Christopher Covington cov at codeaurora.org
Wed Sep 10 07:58:15 PDT 2014


On 09/05/2014 06:11 PM, Doug Anderson wrote:
> Mark,
> 
> On Thu, Aug 28, 2014 at 2:35 AM, Mark Rutland <mark.rutland at arm.com> wrote:
>> Not if you boot Linux at hyp, as we've recommended for this precise
>> reason. That doesn't fix other things like CNTFRQ if the secure
>> initialisation doesn't poke that, however.
> 
> I'll freely admit that I'm out of my league and out of my comfort zone
> here, but...
> 
> In the theory that firmware ought to be as minimal as possible
> (because it's hard to update and hard to keep in sync with kernel
> versions), it seems like firmware ought to start the kernel out in as
> permissive mode as it's willing to provide, right?
> 
> If the kernel is started out as permissive as possible then it can do
> anything it needs to.  Future versions of the kernel can be
> implemented to do any way-cool things that they want to do without an
> update to firmware, right?  ...and current versions of the kernel can
> just shed permissions if they don't want them.
> 
> ...so if I understand correctly, "Secure SVC" mode is more permissive
> than "Non Secure HYP" mode, right?  It looks to me as if we currently
> start the kernel in "Secure SVC" mode.  What do you think about the
> kernel detecting Secure SVC and then dropping down permission levels
> (to Non Secure HYP).  Once it did this, it could update things like
> the virtual offset and then transition down further into non-secure
> SVC mode.
> 
> ...or maybe this has been discussed millions of times already and I'm
> just clueless.  ...or maybe this is just too hard for the kernel to do
> in a generic way?

I think this is a great idea.
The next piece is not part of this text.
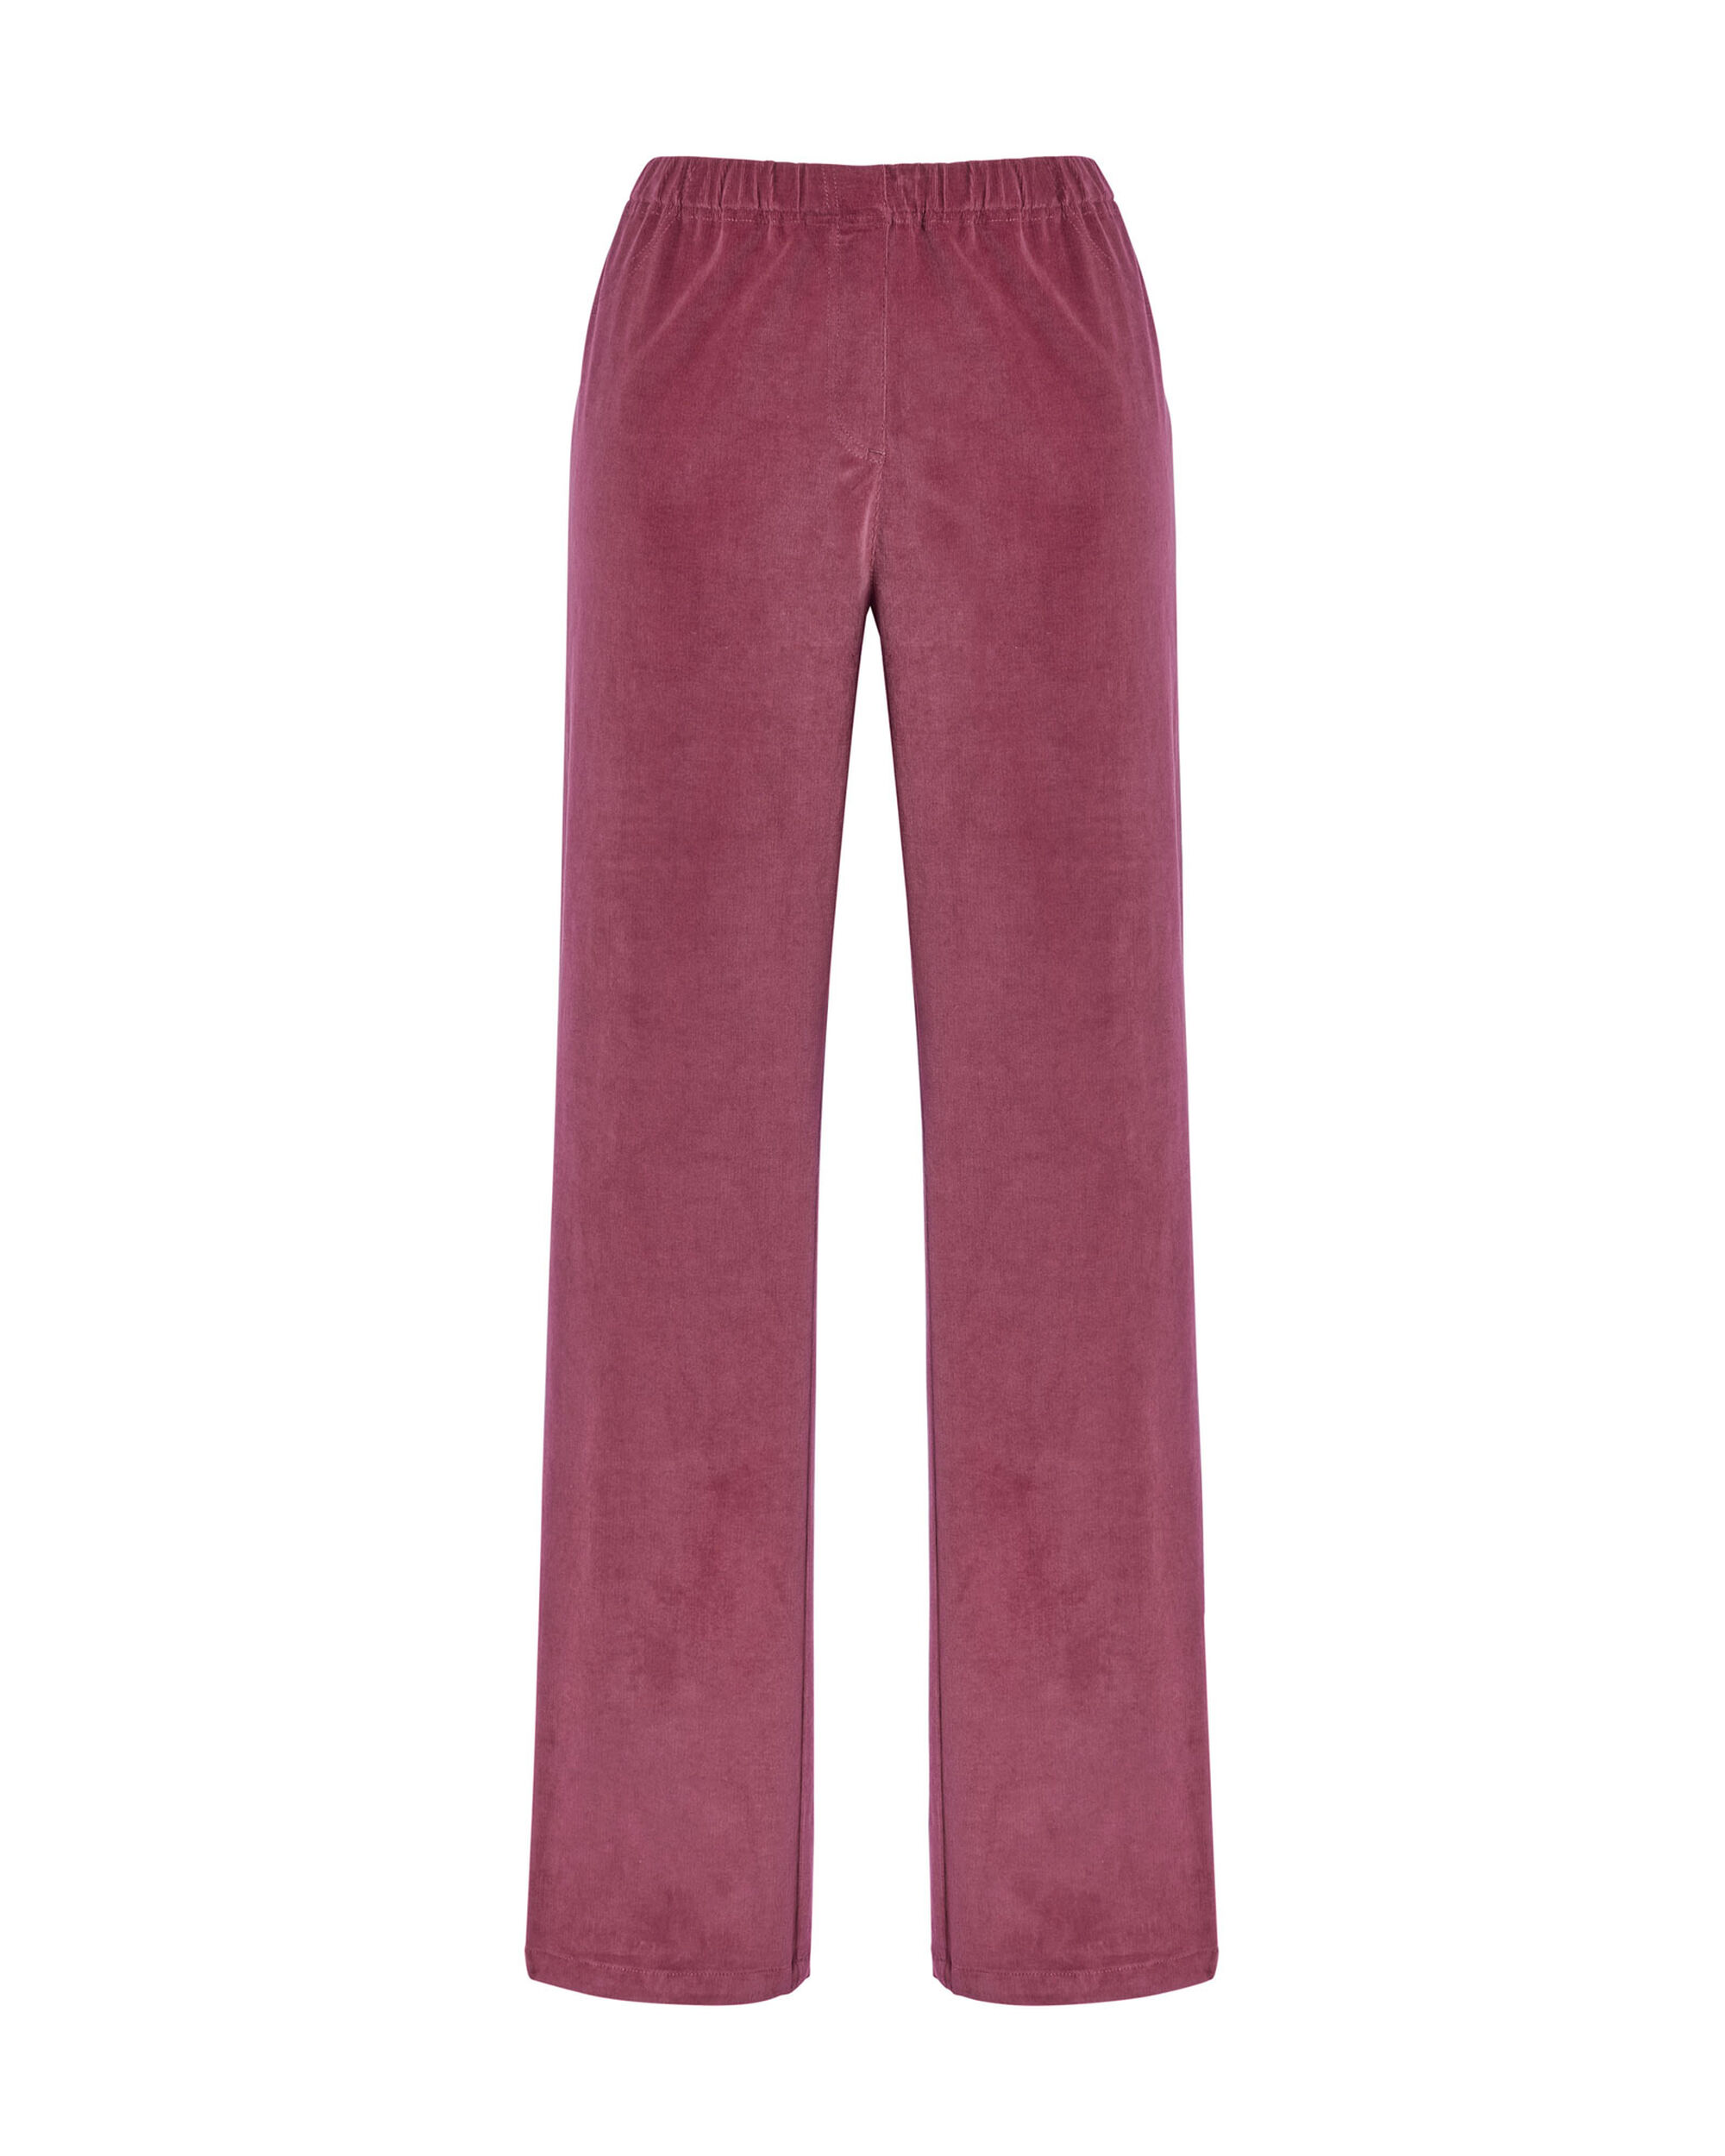 Pull-on Stretch Cord Pants

When running on simulators, it would make (the
non-DTB parts of) the bootwrapper and QEMU's built-in bootloader unnecessary.

Implementing it on AArch64 should be trivial as you can just read CurrentEL
and work from whatever EL/PL you're at. Is there an easy way to check whether
you're in secure or nonsecure mode in AArch32? I seem to recall discussion
about putting this information into the DTB, which makes me think there isn't.